Step 3 – Made a decision to turn our will and our lives over to the care of God as we understood Him.

During step 2, we became aware of a Higher Power and now we reach out to that Higher Power. This is the beginning of our spiritual experience.

The worksheet for this step is a simple invitation to reflection that culminates in confirming the decision we have just made.

Phase 2 – Reviewing Our Past

Critical to staying sober is the achievement of emotional sobriety. This phase can be terrifying, but the end results are catharsis and freedom from your former self.

Step 4 – Made a searching and fearless moral inventory of ourselves

This step takes time, and we often need to conquer hesitation. The worksheet contains multiple sections. These sections deal with:

  • Resentment
  • Fear
  • Harm
  • Sexual Conduct

There is often an overlap between 2 or more of the sections.
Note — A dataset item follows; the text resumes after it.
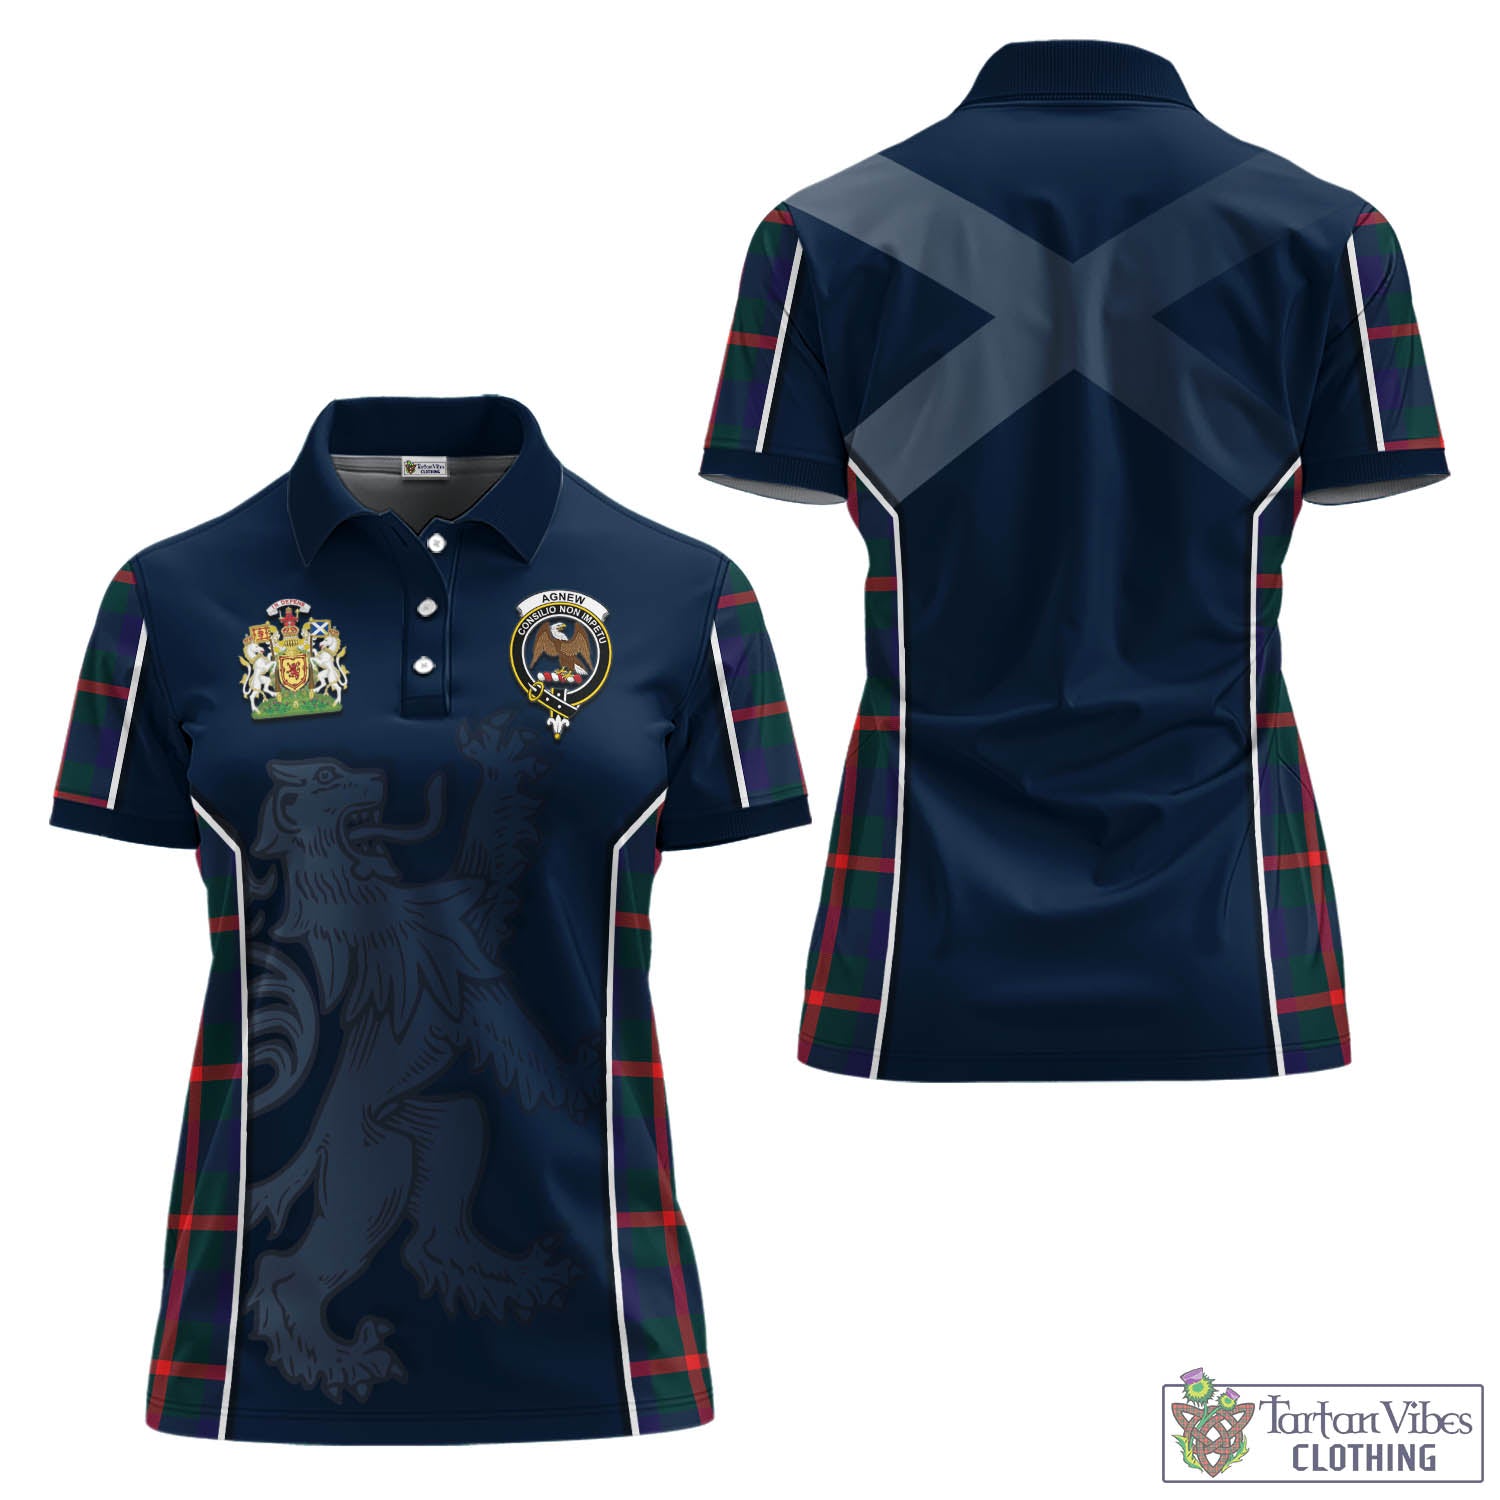 Tartan Vibes Clothing Agnew Modern Tartan Women's Polo Shirt with Family Crest and Lion Rampant Vibes Sport Style

Step 5 – Admitted to God, to ourselves, and to another human being the exact nature of our wrongs.

This is intimidating. We sit down with someone, typically our sponsor, and review what we revealed about ourselves in step 4.

This worksheet is simple. It is a list of what we admitted and a space for notes that we can make based on any discussions that arise from the conversation.

Step 6 – Were entirely ready to have God remove all these defects of character.

The worksheet for this step helps us list our character defects, the effects that these character flaws have and provides the details of the change we expect to happen as we allow God to remove them. The intent of this worksheet is to provide encouragement by letting us have a glimpse of the future as we consign these things to the past.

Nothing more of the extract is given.